Maxxwave has been commissioned by a number of Independent Small-Scale AM broadcasters (see Appendix A) to look at the future of AM broadcasting in 2025 and beyond. We refer to these as SS-AM (Small-Scale AM)

This stems from the UK Government’s White Paper “Up Next – The Government’s vision for the broadcasting sector” (29th April 2022), in which section 6.11 suggests that, based on current RAJAR listening trends, AM listening is likely to fall to commercially unsustainable levels by 2025.

The SS-AM broadcasters have been very clear that they see a long-term future for AM, and we have spoken with a number of other stations who have indicated an interest in launching new services on AM.

Furthermore, we look at how we have arrived at the Status Quo with respect to AM and licensing, and question if the presumptions which have been made surrounding the regulatory framework are still valid, and if the regulatory framework could actually be hampering the interests of SS-AM broadcasters, rather than facilitating them as the original intentions were.

Lastly, we look at what potential changes to regulation could be made, how other countries are handling AM broadcasting into the future, and what the benefits to the UK of making changes are.

History of AM broadcasting

The first question, and part of our research, focused on “Why are we here?”. It cannot be denied that in 2022 AM broadcasting is in rapid decline, and it is unlikely to ever return to become the primary means of radio broadcast that it was until around 1990. It also cannot be denied that changing economics, such as electricity costs, installed transmitter plant in many cases being well beyond expected service life, means invariably some AM transmissions will soon have to cease.


AM as a broadcasting medium

It must be remembered that AM is simply a form of modulation, independent to the actual frequency on which it is carried. It technically could be possible to carry AM broadcasting in the VHF spectrum (and the original proposals for VHF were for it to be used by AM transmissions, rather than FM). It would also be possible for the spectrum currently occupied by AM to be used by another modulation scheme, such as DRM (Digital Radio Mondiale, a digital radio system similar to DAB, but using the low frequency MF spectrum where AM broadcasting sits).

AM, as a modulation code, is relatively inefficient. It perhaps requires the highest transmit power to achieve a given audio quality out of all the commonly used modulation schemes. FM requires around 25% of the transmit power to deliver the same audio, DRM requires around 10% of the transmit power. AM therefore, is an inefficient modulation scheme from a transmission perspective.

However, from a reception perspective, AM is very simple to receive, using very simple circuits that are very power efficient and give long battery life, measured in the weeks or months as opposed to hours for a DAB receiver. There is a large installed user base of low-cost receivers, as opposed to employing an alternative scheme such as DRM, for which relatively few receivers exist today.

With respect to the low frequency spectrum that it occupies, this has the ability to travel considerable distances, giving coverage of an entire region from a single transmitter. It propagates excellently in mountainous terrain. However, at night it is capable of travelling thousands of miles, which means distant high powered transmitters in other countries have the potential to cause significant harmful interference during night-time hours. This night-time interference is the core reason for the entire demise of AM


1977 Report of the Committee on the Future of Broadcasting (Annan Committee)

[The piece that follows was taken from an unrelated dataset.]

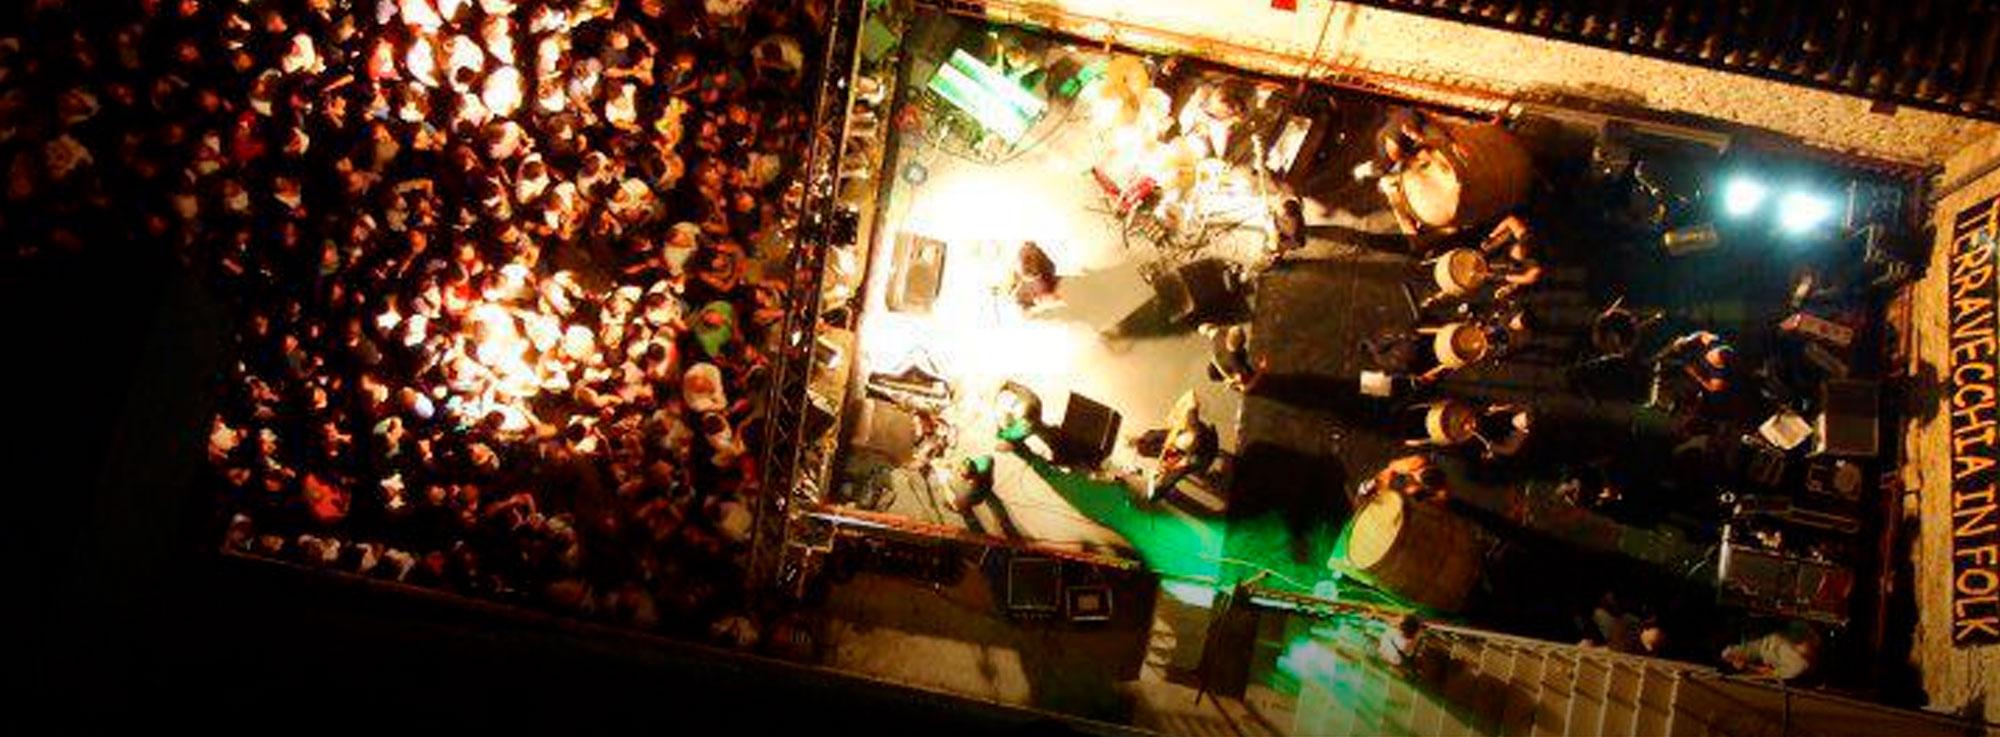 Pietramontecorvino: Terravecchia festival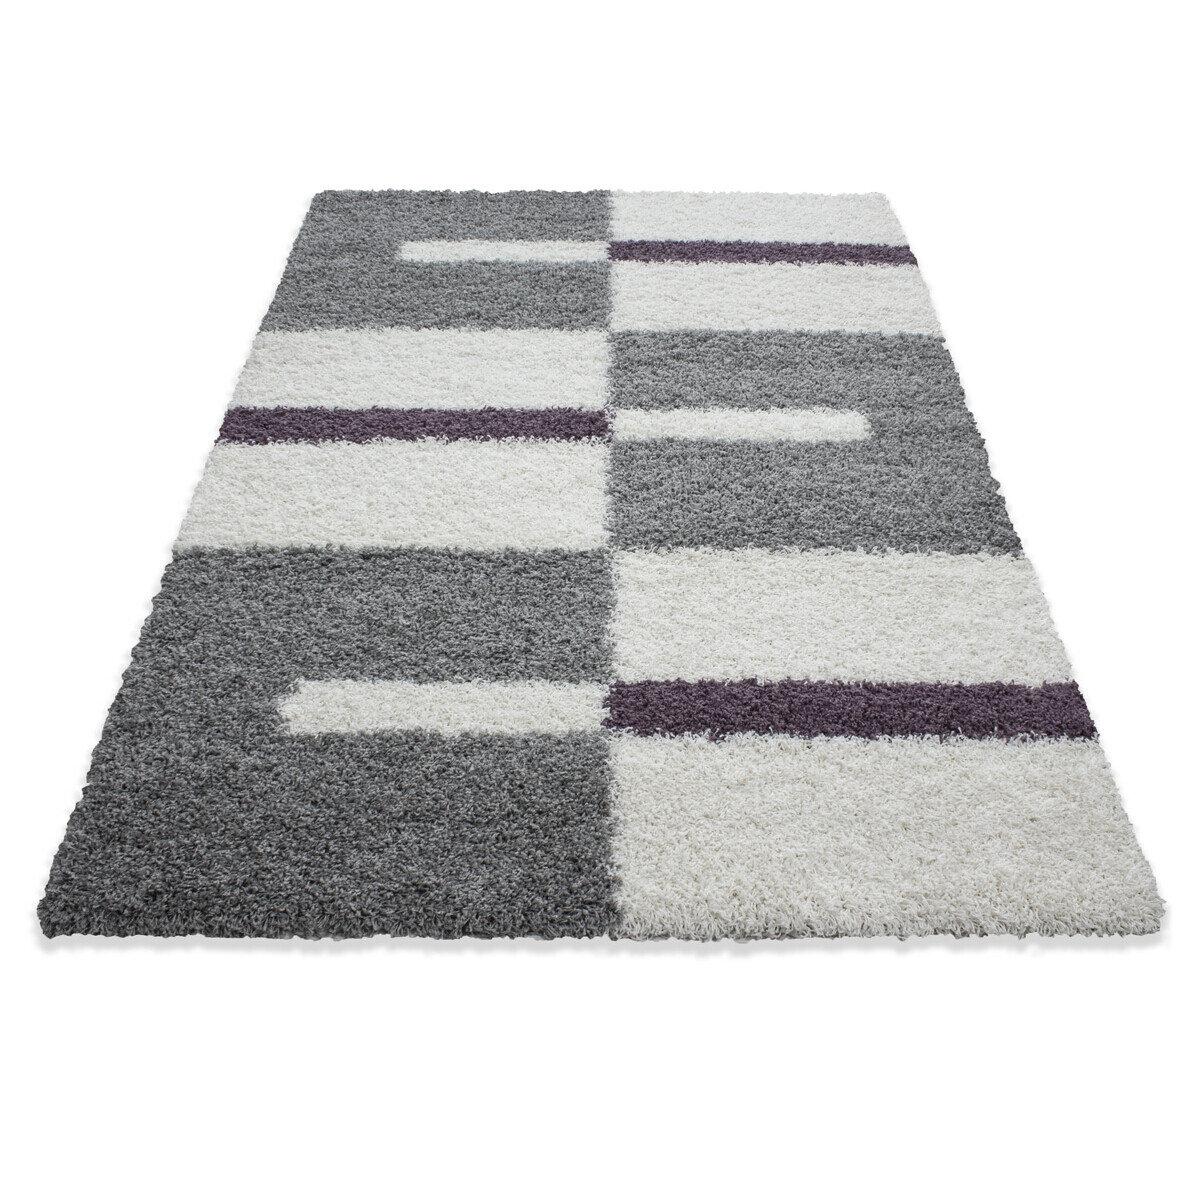 Covor Decorino Kenya, modern & geometric,shaggy, polipropilena, C04-203505, 80 x 150 cm, Alb

The entire “beauty parade” licensing structure that we have today for licensing broadcast stations was established by the 1977 Annan Committee. The process of advertising a license through a “round”, inviting interested parties to submit their applications, then assessing the applications against specific criteria were all enshrined into process by the 1977 Annan report.

Furthermore, the 1977 Annan Report established the principles for Commercial Radio broadcasting within the UK. There are a number of points of relevance from this report:-

-          2.6: The radio broadcast services must be licensed. Firstly, such that the content can be controlled and regulated. Secondly, in order to avoid unwanted and potentially deliberate interference, a regulator must co-ordinate the radio spectrum to ensure that stations within an area all have unique frequencies such that they have a reasonable chance of being received without avoidable interference from a nearby transmitter

-          2.20: Due to the heavy use of the AM spectrum in Europe in 1977, it was only possible to cover the UK with one commercial service per area, which would overall give 70% of UK population by day, 25% coverage by night

-          3.1: The 1977 Annan Report recommendations would be considered valid until around 1992

-          3.14: The number of licences that can be issued are constrained by the laws of physics which constrain the number of services that can be provided. If the spectrum were unlimited then there is no need to limit the number of services

-          4.4: Due to lack of spectrum on the AM waveband (only 5 frequencies across the whole of the UK for commercial radio in 1977), it was suggested that simulcasting should be ended and separate services on AM/FM should be implemented to increase consumer choice

-          4.5: A diversity of broadcasting services is essential. Some services will naturally cater for niche audiences, and therefore will need large coverage areas in order to be sustainable, and therefore are naturally better served by AM

-          4.10: A lack of choice means a lack of accountability as the minority groups are not specifically served by a service. “Full service ILR” therefore is far from desirable as the minority groups concerns can be dismissed as they will be outnumbered by the majority of the audience who will find the minority programming a nuisance. “Full service ILR” was a “fix” to give all audiences access to radio broadcasting with limited spectrum.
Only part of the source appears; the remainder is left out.